Вид у меня, наверно, был ужасный, навстречу мне двигался вечерний поток людей, одни шли с работы, другие прогуливались. При виде меня усмехались, пожимали плечами. На лицах встречных появлялось любопытство или отвращение.
Наверняка думали, что я пьяный или с кем-то подрался. Шла женщина с девочкой. Девочка что-то сказала матери, но мать ей что-то объяснила, заслонила. Шла парочка, они весело удивились, заговорили, обсуждая мой вид. Лица всех встречных, как оказалось, надолго запечатлелись в памяти, я их всех могу воспроизвести даже сейчас.
Обыкновенные прохожие, наверняка симпатичные, милые в обыденной жизни, я запомнил их потому, что в эту страшную для меня минуту на каждом из них было выражение полного отчуждения, нежелания подойти, брезгливость, холодность, в лучшем случае — любопытство, но не более того. Ни у кого не появилось сочувствия. Ни у кого — беспокойства, никто не сделал шага навстречу, никто не спросил…
Я понимал, что, если упаду, никто не подымет, не поможет. Я был в пустыне, в центре города, переполненном людьми, среди своих питерцев, земляков, с которыми прожил всю жизнь. Город, где меня хорошо знали. И так, шатаясь, держась за стены домов, иногда останавливаясь, чтобы перевести дух, потому как чувствовал, что сознание мутится, я прошел до своего дома, с трудом поднялся, открыл дверь, но дома никого не было. Я позвонил к соседям и лег на пол, уже плохо понимая, что творится… Приехала «скорая помощь», соседи помогли вынести меня, положили в машину «скорой помощи»… Обыкновенная городская больница, бедная, в запущенном состоянии, переполненная. Обычно в таких больницах работают милые, хорошие врачи. Они мне вправили вывих, наложили гипсовую повязку, сделали уколы, перевязали, поправили нос и положили в палату. На следующий день я немного пришел в себя и стал думать: что же произошло?..
В конце концов, ничего особенного, обыкновенный бытовой случай: человек упал, разбился, добрался до дома, вызвали медицинскую помощь, отправили его в больницу. Но я никак не мог прийти в себя. Психологическая травма была сильнее травмы физической. Я не мог осмыслить, почему так болит душа. Если бы хотя бы один из тех, что шли мне навстречу — а их было несколько десятков прохожих, — остановился, помог — все стало бы нормальным, но ни один… Если бы я подошел к любому из них и сказал, что я писатель Гранин, помогите мне, они, несомненно, взяли бы меня под руку, отвели до дома, оказали бы помощь.

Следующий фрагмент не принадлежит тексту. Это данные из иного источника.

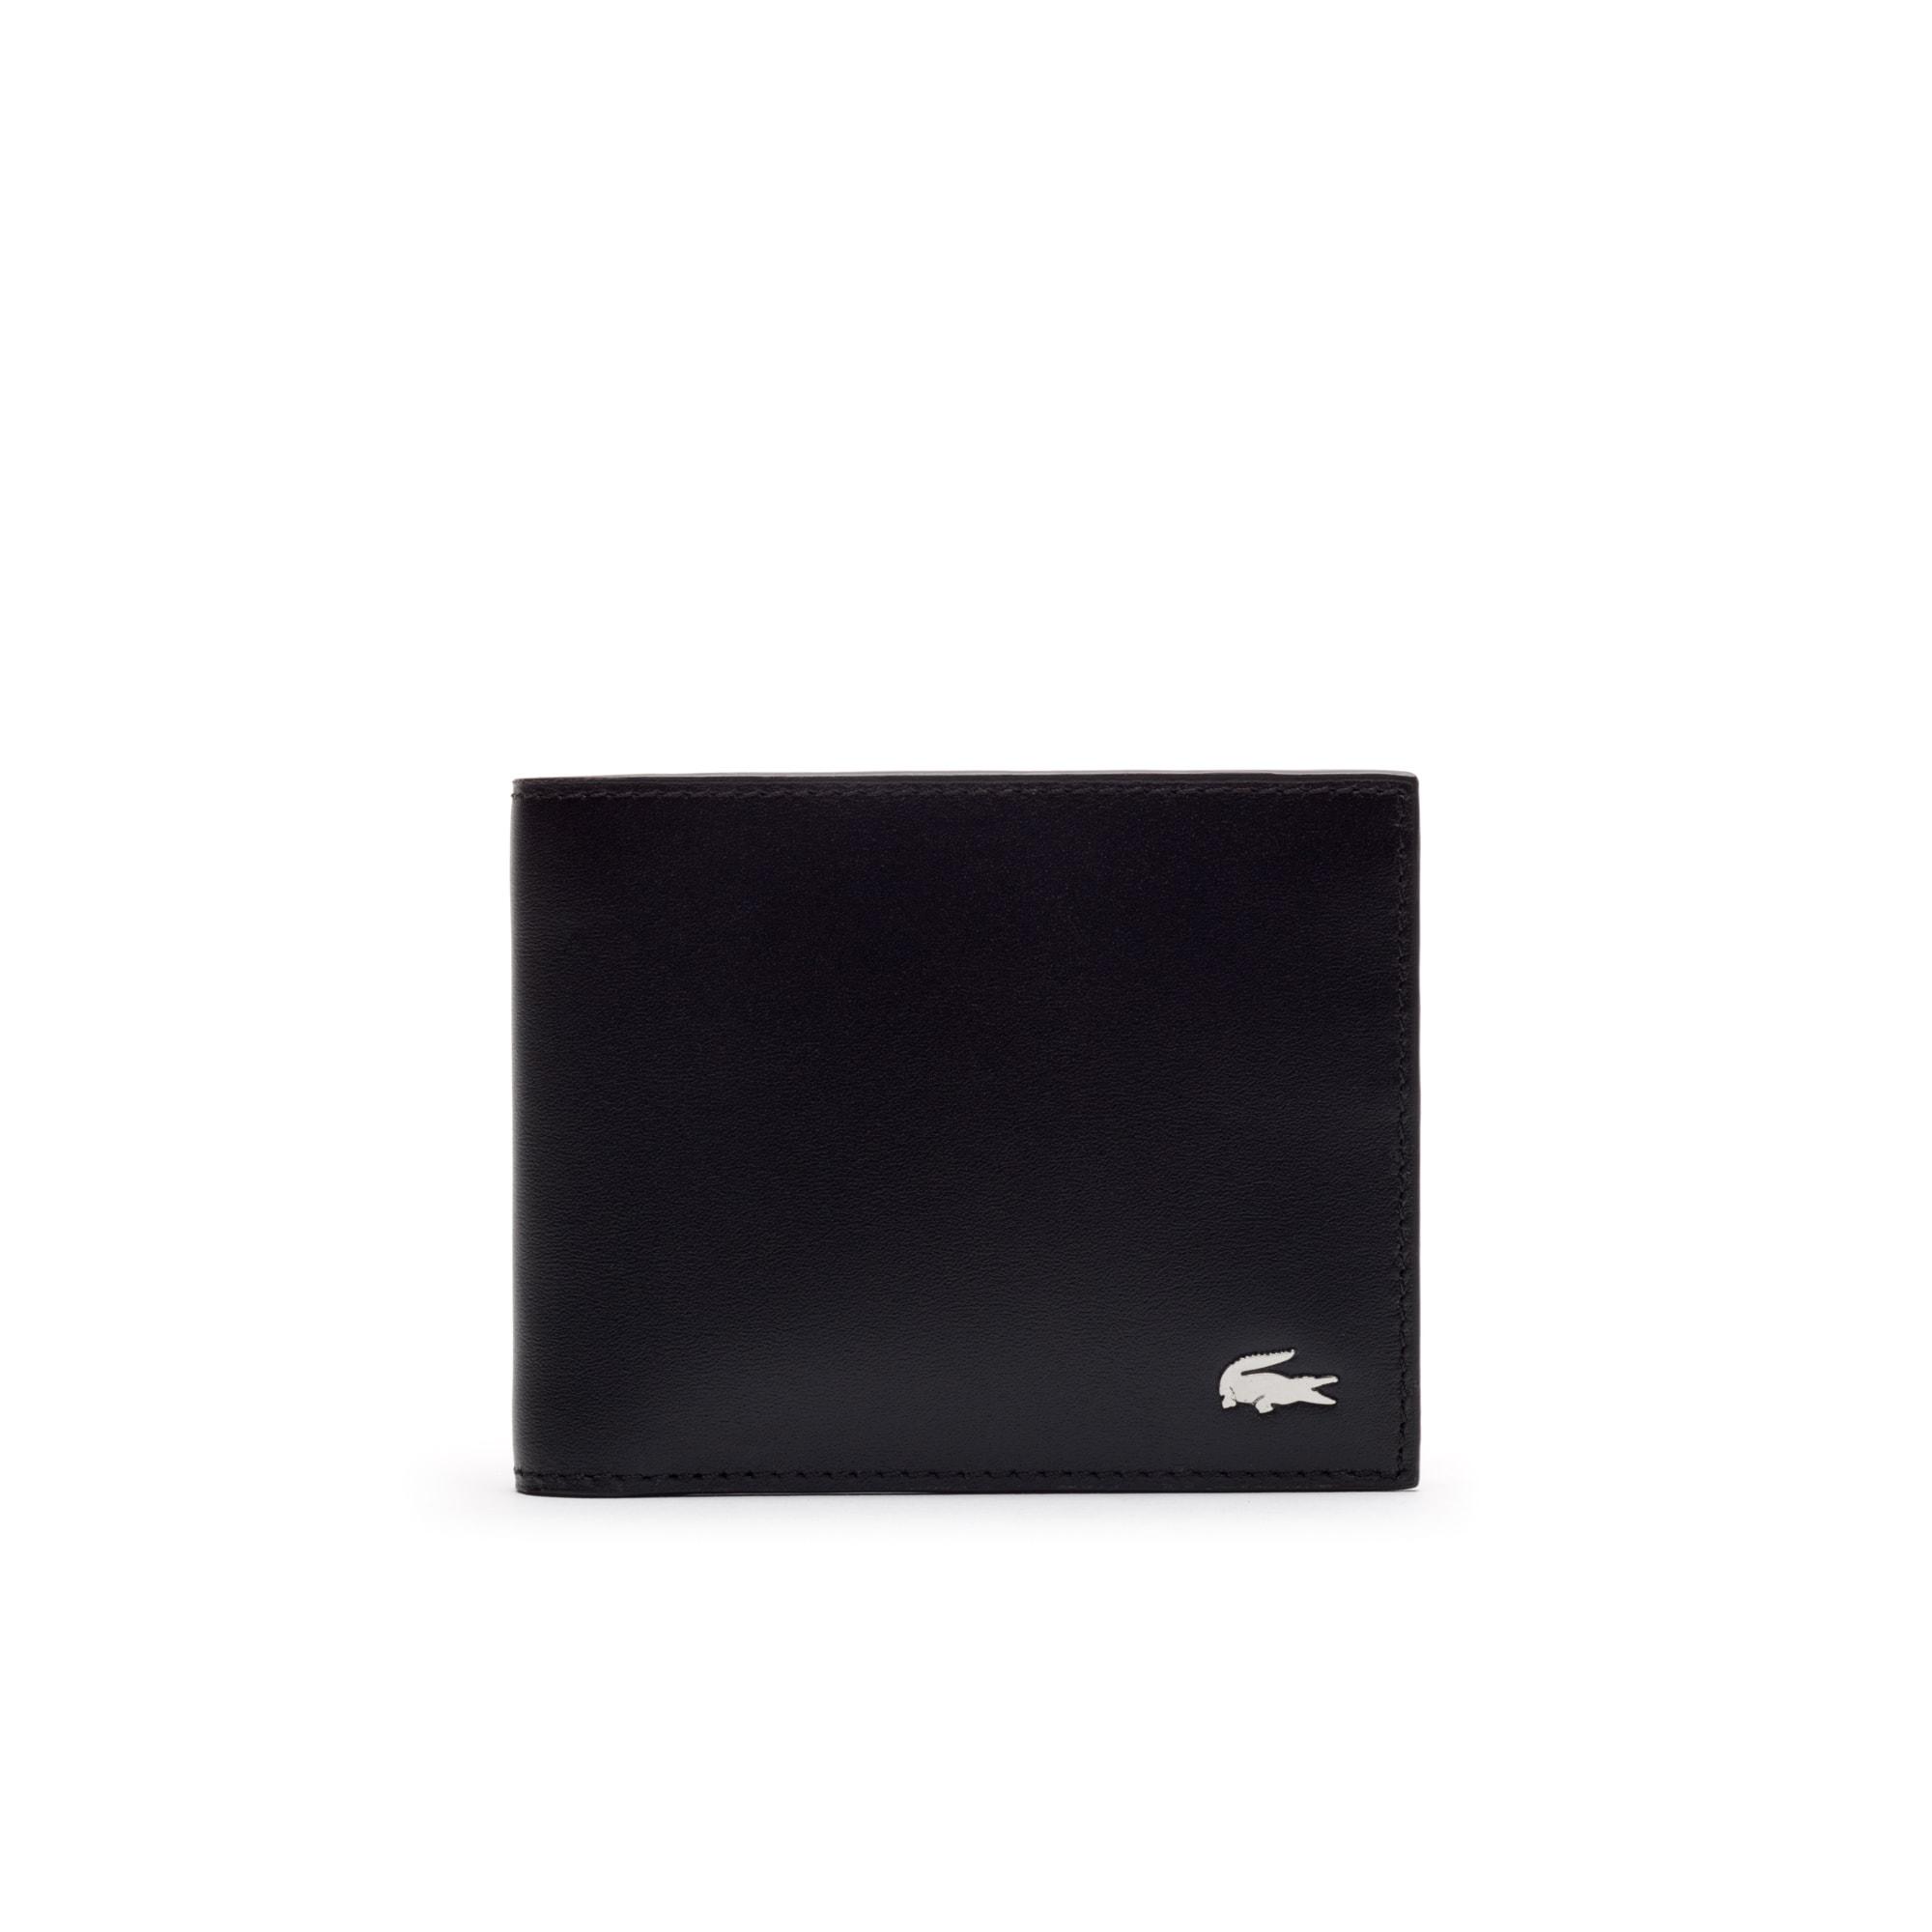 Coffret portefeuille et porte-clefs FG en cuir 6 cartes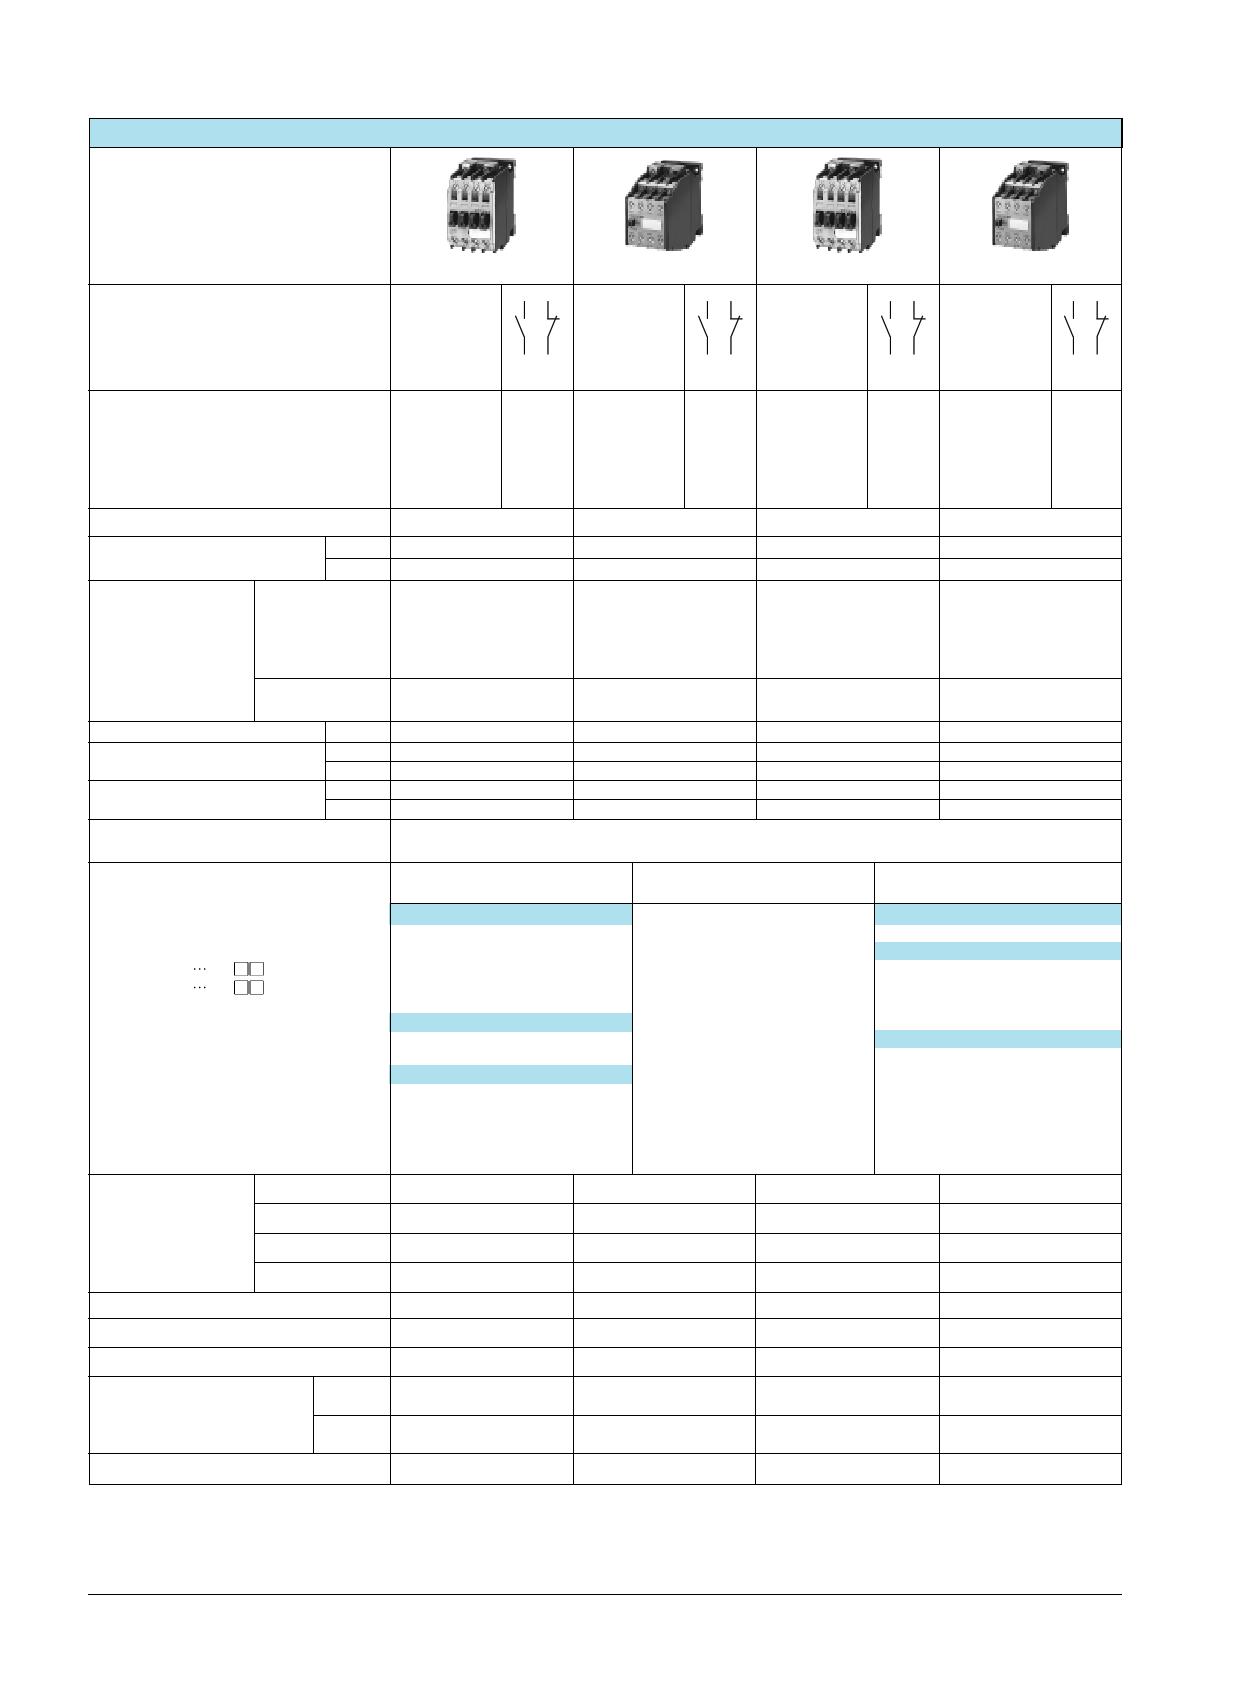 3TF33 Datenblatt PDF

Но я был обыкновенным прохожим, с которым что-то случилось, пусть он идет весь в крови, шатаясь, еле держась на ногах, он для всех безразличен. А если это пьяный? Зачем вмешиваться.
Я раздумывал: что же произошло с нашими людьми? Я же знаю их, раньше в этом городе они не были такими. Я помню войну, время, когда взаимопомощь между людьми была почти нерушимым законом, как мы помогали на фронте, когда другому было плохо, тащили раненых; то время, когда нужно было делиться хлебом и патронами, заменять друг друга в окопах. Я вспомнил блокаду Ленинграда, о которой я собирал материалы для «Блокадной книги», как блокадники рассказывали удивительные случаи взаимопомощи.
В 1942 году зимой шла по улице женщина, упала, а это значит, что она уже не сможет подняться, замерзнет. Прохожий, такой же доходяга, такой же дистрофик, как и она, подымает ее и, подставив плечо, ведет ее к ее дому, поднимается с ней по лестнице, растапливает печурку, поит кипятком, спасает ей жизнь. Я записал много таких рассказов спасенных людей. Обессиленный от голода человек где-нибудь садится, и неизвестный делится с ним куском хлеба. Рассказы о соседях, которые помогали друг другу, притаскивали дрова, приносили воду. Большинство ленинградцев в тех неслыханных условиях, умирая от голода, не позволяло себе расчеловечиться.
Этих рассказов великое множество, они составили большую книгу. Таков был закон блокадной жизни: ты должен помочь другому человеку, потому что завтра это может случиться и с тобой. Это не было результатом пропаганды или агитации, об этом никто не говорил, это было естественное чувство людей, терпящих бедствия. Я с моим соавтором Алесем Адамовичем задавали блокадникам один и тот же вопрос: почему вы выжили? Как вы могли на том смертельном пайке 125—150 грамм хлеба, сделанного наполовину из эрзацев, наполнителей, вроде целлюлозы, когда ничего больше не давали, и были морозы, непрерывные воздушные тревоги, обстрелы, бомбежка, как вы могли в этих убийственных условиях уцелеть?
Если уж совсем грубо — почему вы не умерли? У каждого был свой ответ, свой рассказ, их набралось свыше двух сотен, самых разных, всегда удивительных, несхожих ответов. Некоторые впервые как бы задумывались — действительно, почему? Эти уже пожилые мужчины и женщины пытливо, с недоумением вглядывались в свое прошлое, в ту лютую зиму 1941—1942 года, в те два с лишним года ленинградской блокады, в течение которых погиб миллион ленинградцев. Разные истории имели нечто общее, оно вырисовывалось все яснее и вдруг появилось перед нами важным открытием: чаще всего спасались те, кто спасал других.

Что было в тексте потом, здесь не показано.